DES and 3DES are cryptographically obsolete and insecure by modern
standards.  Continuing to maintain highly specific, complex assembly and
glue code for them, especially when the code isn't testable in QEMU
(s390 and sparc), is unnecessary and risky.

Thus, this series removes the architecture-optimized DES and 3DES code
for the three architectures that had it: s390, sparc, and x86.

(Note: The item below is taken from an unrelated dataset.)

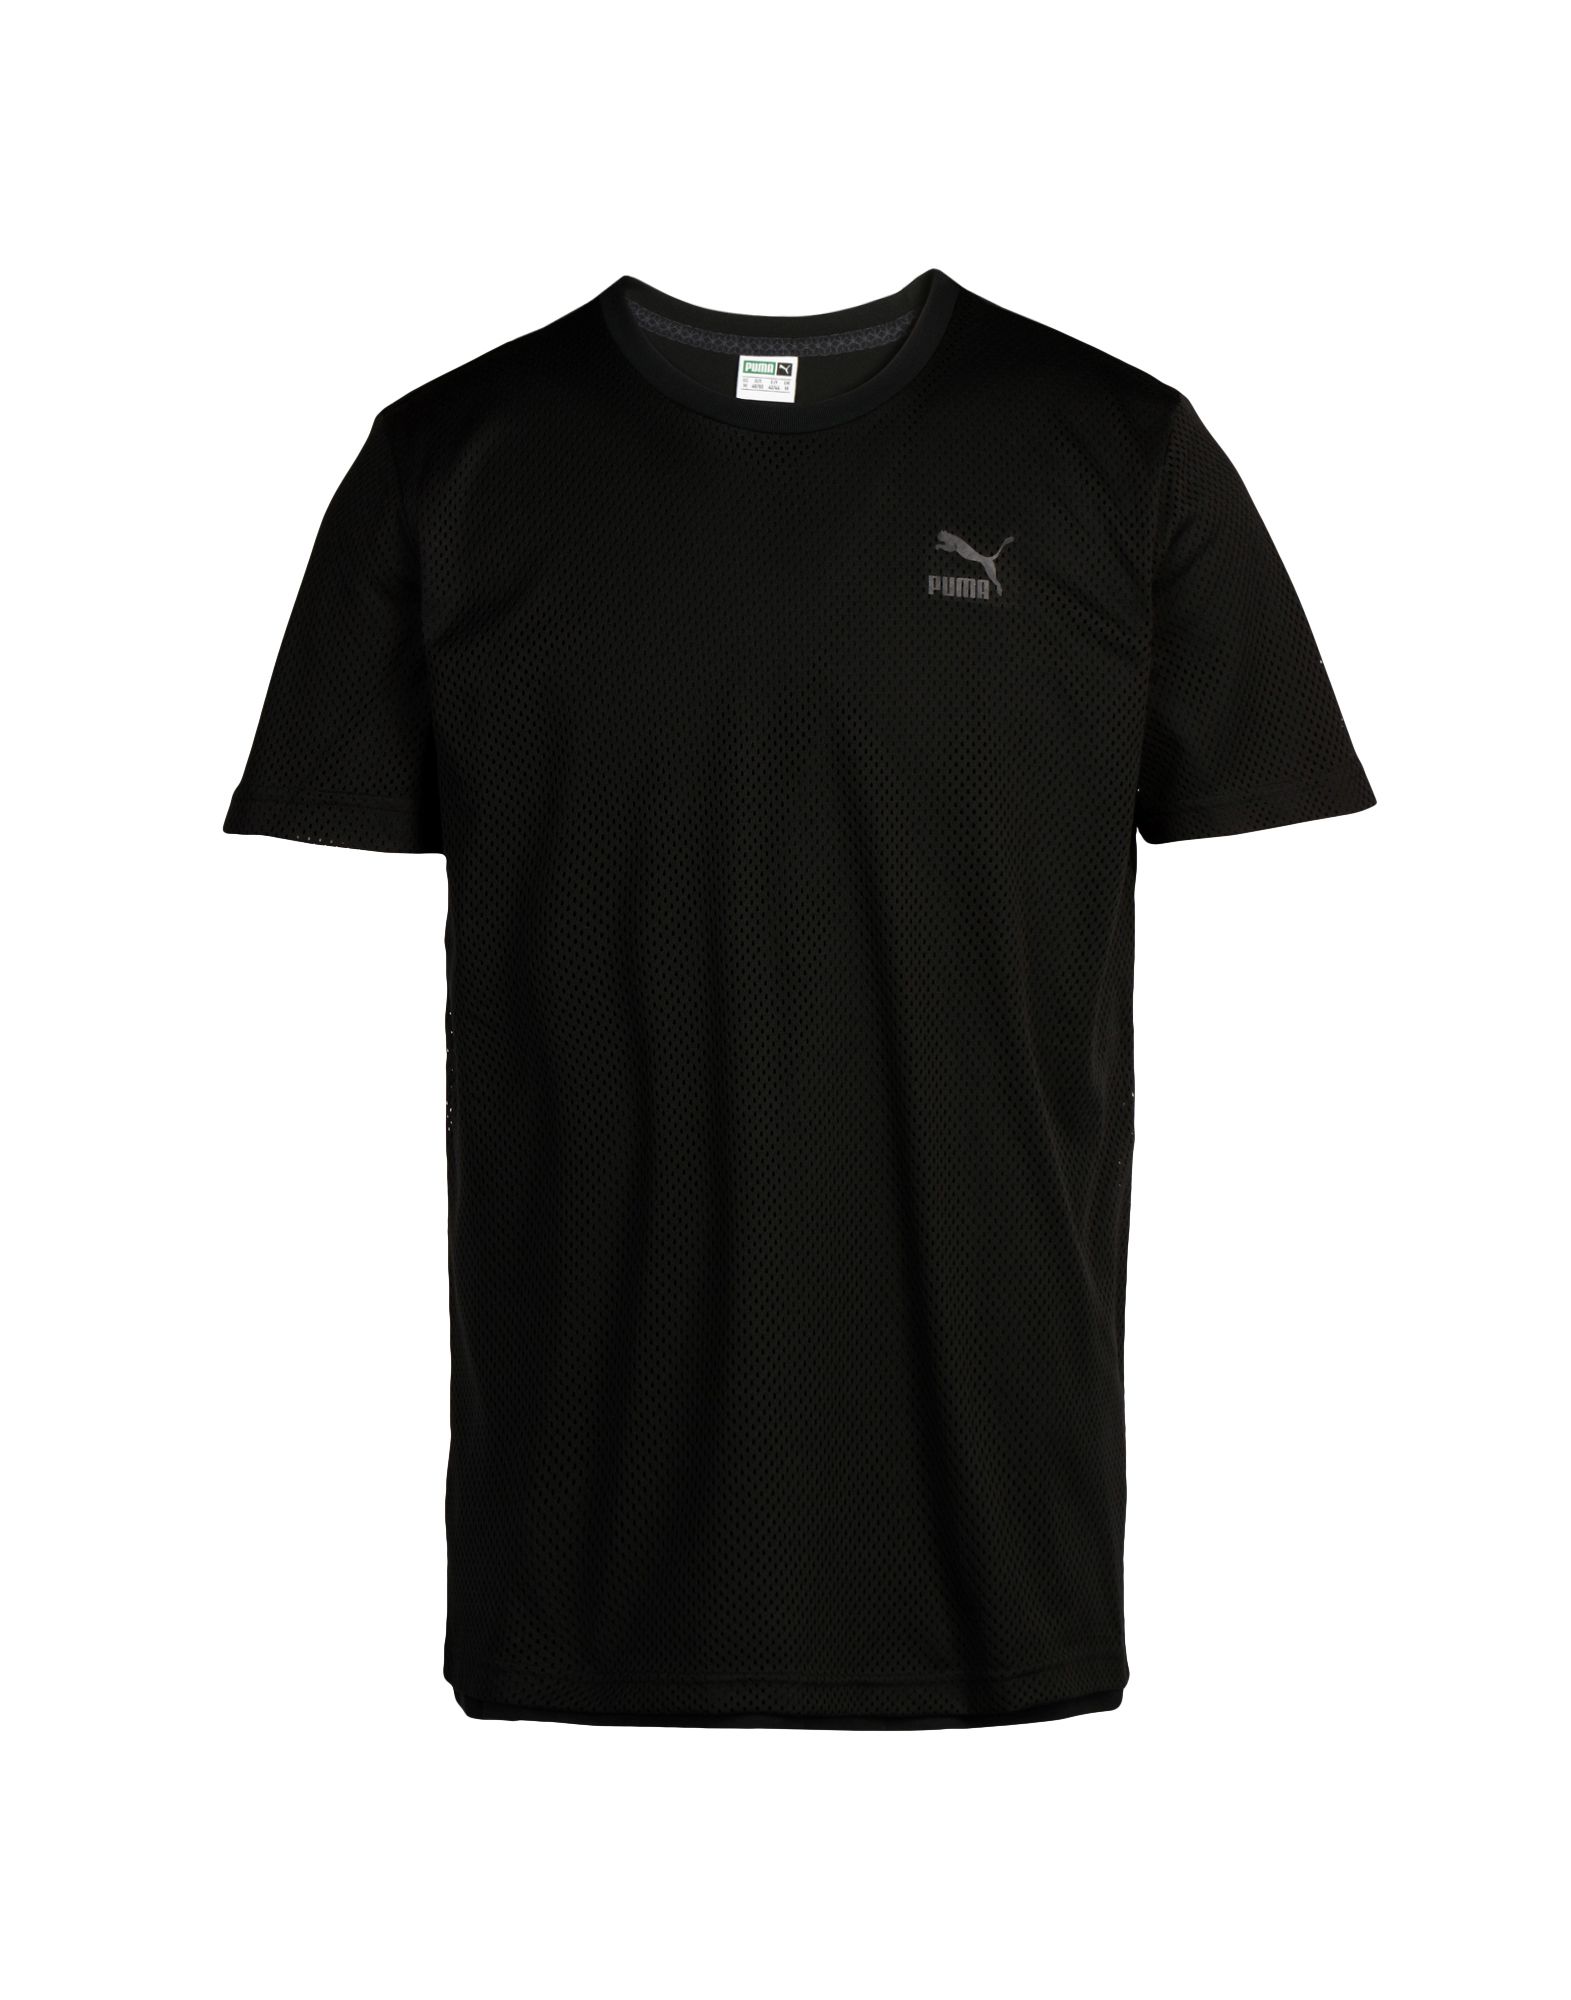 Puma T Shirt Black Sale Up To 66 Discounts

This series is targeting cryptodev/master.

Eric Biggers (3):
  crypto: s390 - Remove des and des3_ede code
  crypto: sparc - Remove des and des3_ede code
  crypto: x86 - Remove des and des3_ede code

 arch/s390/configs/debug_defconfig |   1 -
 arch/s390/configs/defconfig       |   1 -
 arch/s390/crypto/Kconfig          |  16 -
 arch/s390/crypto/Makefile         |   1 -
 arch/s390/crypto/des_s390.c       | 502 ------------------
 arch/sparc/crypto/Kconfig         |  14 -
 arch/sparc/crypto/Makefile        |   2 -
 arch/sparc/crypto/des_asm.S       | 419 ---------------
 arch/sparc/crypto/des_glue.c      | 482 -----------------
 arch/x86/crypto/Kconfig           |  14 -
 arch/x86/crypto/Makefile          |   3 -
 arch/x86/crypto/des3_ede-asm_64.S | 831 ------------------------------
 arch/x86/crypto/des3_ede_glue.c   | 391 --------------
 13 files changed, 2677 deletions(-)
 delete mode 100644 arch/s390/crypto/des_s390.c
 delete mode 100644 arch/sparc/crypto/des_asm.S
 delete mode 100644 arch/sparc/crypto/des_glue.c
 delete mode 100644 arch/x86/crypto/des3_ede-asm_64.S
 delete mode 100644 arch/x86/crypto/des3_ede_glue.c


base-commit: f9bbd547cfb98b1c5e535aab9b0671a2ff22453a
-- 
2.53.0

On Thu, 2026-03-26 at 13:12 -0700, Eric Biggers wrote:
> DES and 3DES are cryptographically obsolete and insecure by modern
> standards.  Continuing to maintain highly specific, complex assembly and
> glue code for them, especially when the code isn't testable in QEMU
> (s390 and sparc), is unnecessary and risky.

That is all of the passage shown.